Polemics in the German press

Although German newspapers entertain standards of objectivity quite different from their American counterparts – German articles often have an openly polemic bent, with positions advanced in a forthright manner that would surprise the uninitiated US reader – I was dumbstruck by a recent article in the Frankfurter Allgemeine Zeitung discussing the Deutsche Telekom scandal.

The following sentence left me baffled: “Finanzminister Peer Steinbrück (SPD) hat die Private-Equity-Gesellschaft Blackstone (”Heuschrecke”) nicht zuletzt deswegen als Minderheitsaktionär an Bord geholt, um dem Telekom-Management Dampf zu machen.” (My translation: Finance Minister Peer Steinburck (SPD) brought the private-equity firm Blackstone (”locust”) on board as a minority shareholder in part to exert pressure on Deutsche Telekom’s management).

While many German politicians are fond of employing the term Heuschrecke (”locust”) to attack the ostensibly pernicious influence of hedge funds, the term is a highly politicized one, and the off-handed manner with which it is used here is totally inappropriate.
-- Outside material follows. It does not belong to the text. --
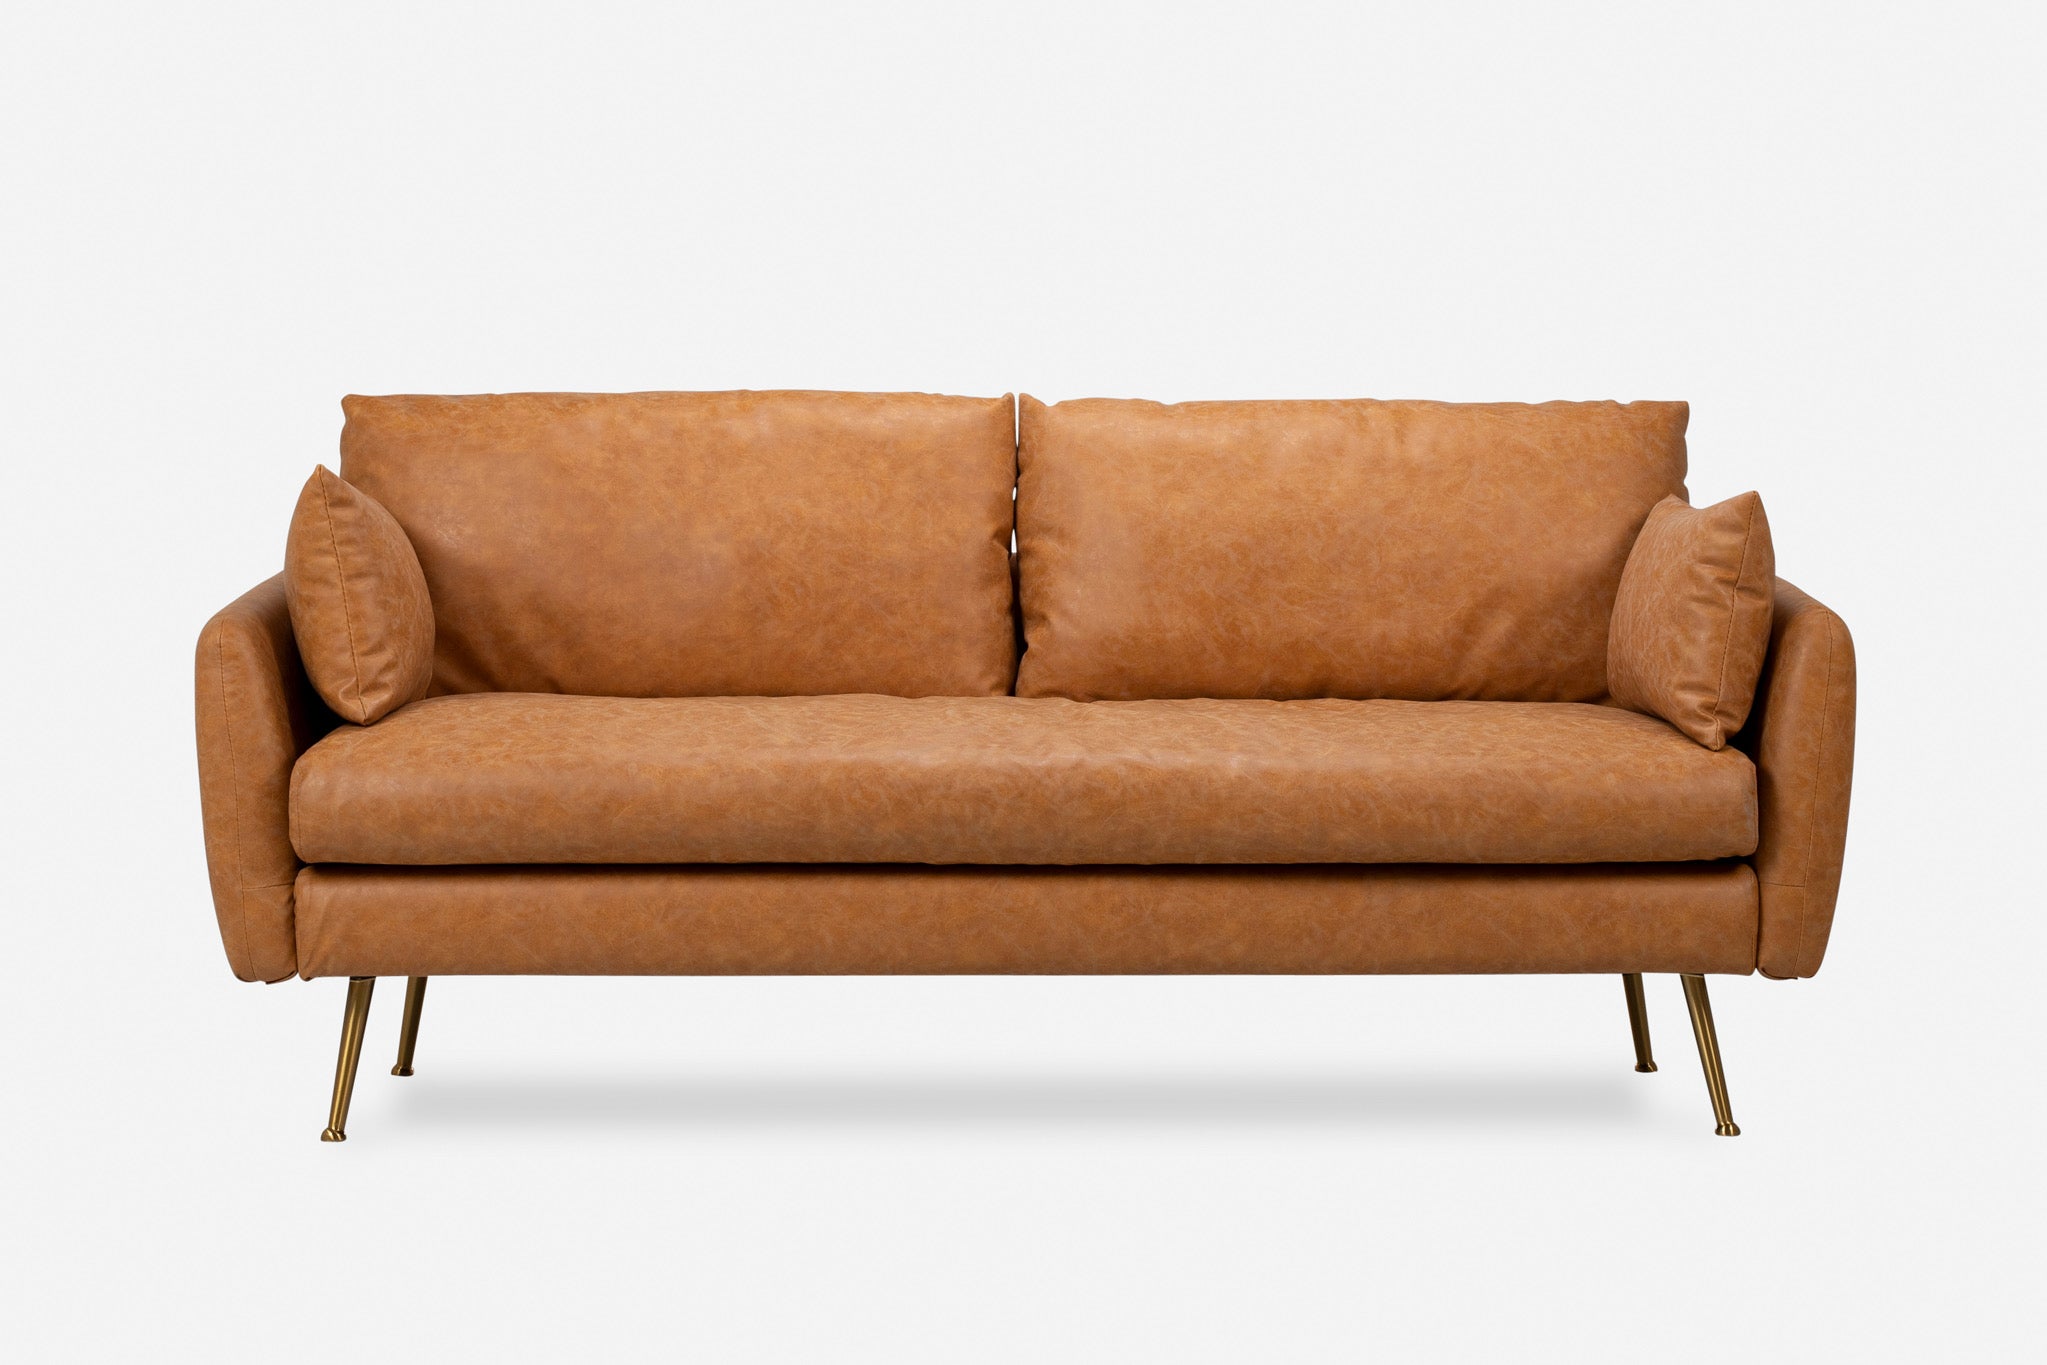 park sofa shown in distressed vegan leather with gold legs

There is also a glibness to the gloss that I find highly annoying (but which may in fact simply relate to the brevity that often characterizes German parenthetical insertions): no explanatory remarks are offered, the term is simply interjected as if there were a 1:1 equivalence between “Blackstone” and “locust.”

What should one make of this? Was the author of the article simply unaware of the loaded nature of the term, which the editors subsequently overlooked? Or has this description of hedge funds now achieved a level of mainstream acceptance that no qualificatory remarks are required? Both of these alternatives are cause for concern.